As soon as the Supreme Court granted cert in the case of Dobbs v. Jackson Women’s Health Organization, I rushed online to see the anticipated outcry. More on that in a moment.
The case challenges the constitutionality of Mississippi’s gestational age law that barred abortions past 15 weeks except in exceptional circumstances. This is a significant moment because the Court did not need to take this case. There was no circuit split to resolve. And if the justices had no intention to change the lower court’s reading of applicable precedents, they could have let the appeals court’s ruling stand. Though only Clarence Thomas has stated his desire to reverse the abortion precedent, five other justices have signaled, at various times in their careers, that they might be open to it.
So, I looked for the outrage online and haven’t found it. Admittedly, there’s a lot of competition. There’s a war between Israel and Hamas. Republicans are attempting to block a Jan. 6 commission. The New York attorney general has announced that her inquiry into the Trump Organization has become criminal. Bill and Melinda are getting divorced. Besides, any Supreme Court decision would not come down until a year or more from now. I assume that once the import of this cert grant becomes clear, pro-choice advocates will bestir themselves.
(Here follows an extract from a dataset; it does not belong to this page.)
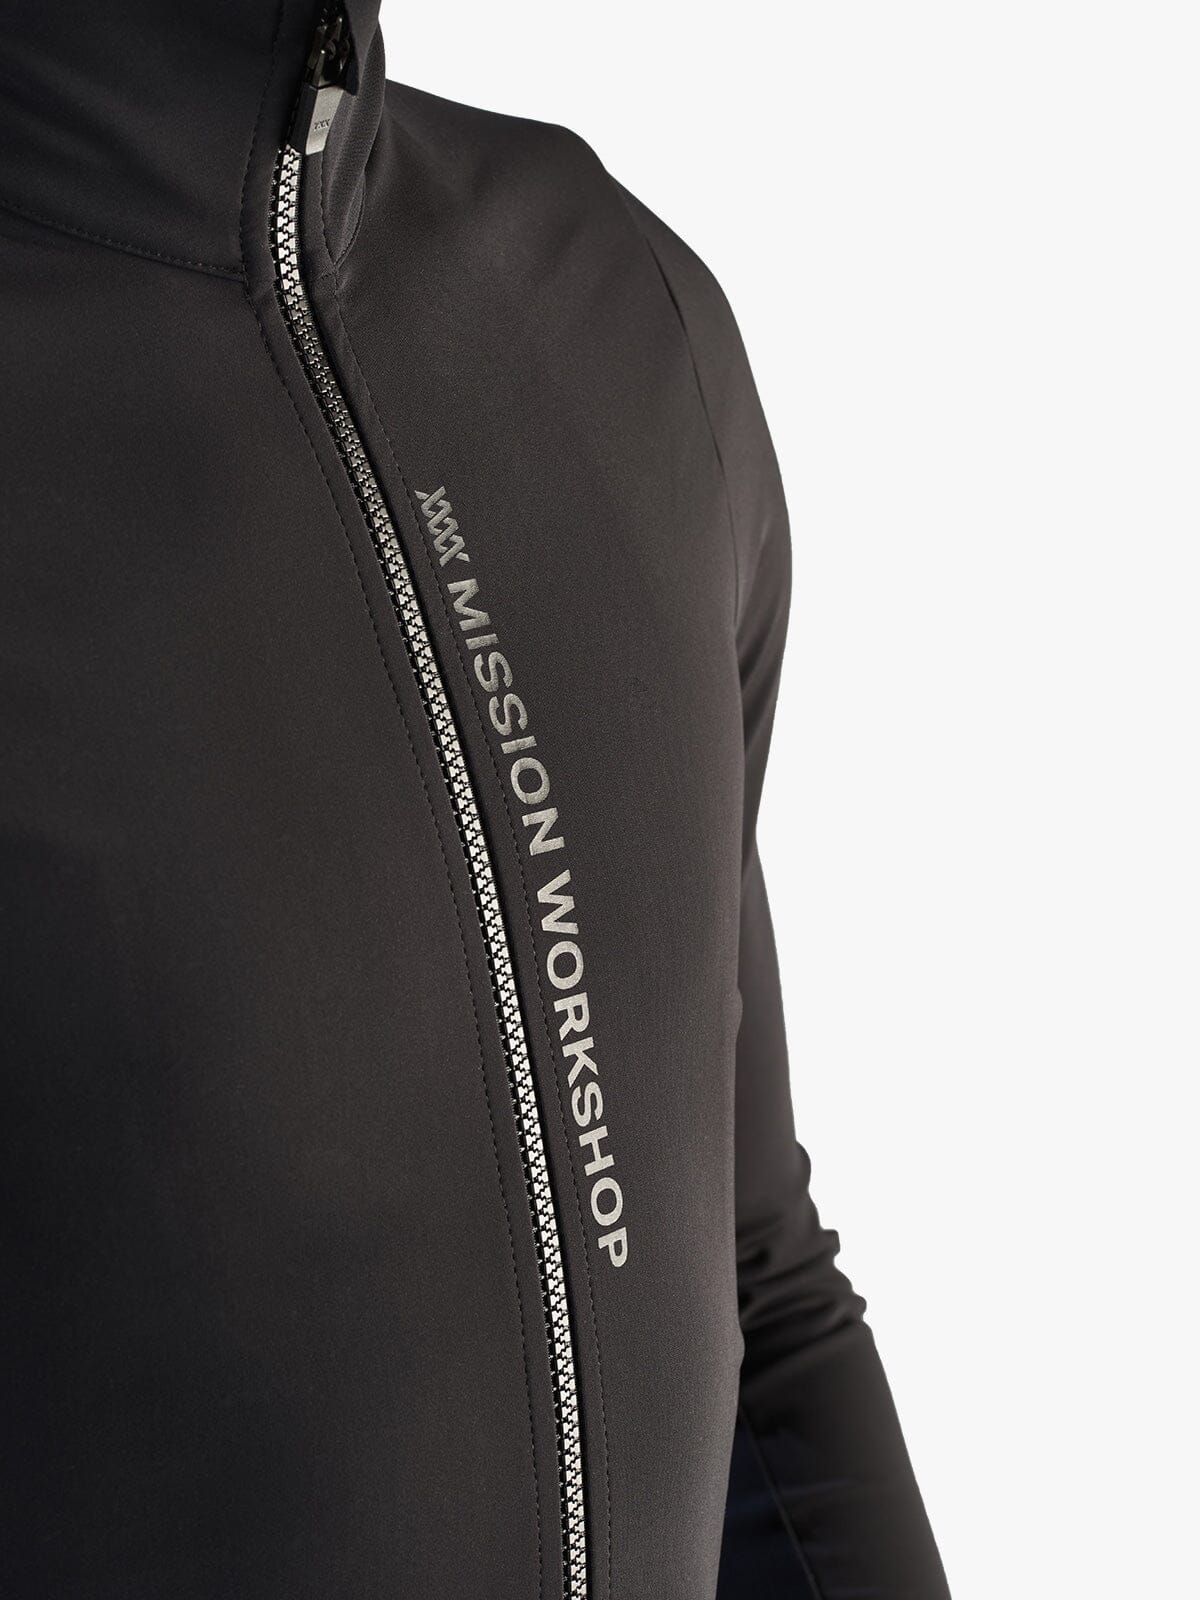 Range Jacket Men's by Mission Workshop - Bolsas impermeables y ropa técnica - San Francisco y Los Angeles - Construido para durar - Garantizado para siempre

I’ve been on the pro-life side of the debate for decades — not for religious reasons but because I’m convinced that the moral weight is on that side. I believe that taking the life of an unborn child is something that should be only a last resort in very rare circumstances, so I will not shed any tears if the Court returns the law to the pre-Roe status quo. That said, a great deal has changed in the world since 1973, so while a revision of Roe/Casey would change the law, it’s not clear that it would change society very dramatically.
The trend. Abortion has been in decline for 40 years. In 1981, it reached a high of 29.3 abortions per 1,000 women aged 15-44. By 2017, the rate had declined to 13.5 per 1,000 women, which is below the rate when Roe was decided in 1973. So, whatever we’ve been doing in the past 40 years — providing contraceptives, persuading people — it’s working pretty well.
States differ. The states that are likely to restrict abortion access already tend to have much lower rates of abortion than the states such as California and New York that would be virtually certain to maintain liberal abortion regimes. It’s also worth noting that even the Mississippi law under consideration at the Supreme Court only forbids abortions after 15 weeks’ gestation. Eighty-eight percent of abortions occur within the first 12 weeks. Another 6.3% are performed between 13-15 weeks. So the Mississippi law would affect only 5% or so of all abortions.
The methods. In 1973, the only safe abortion procedures were surgical. That’s no longer the case. There are several “morning after” pills that are legal and widely available — though most must be taken with days of unprotected sex. There are also medication abortions using the drugs mifepristone and misoprostol. Used in combination during the first 11 weeks of pregnancy, they induce a miscarriage. In 2017, nearly 40% of all abortions were medication abortions.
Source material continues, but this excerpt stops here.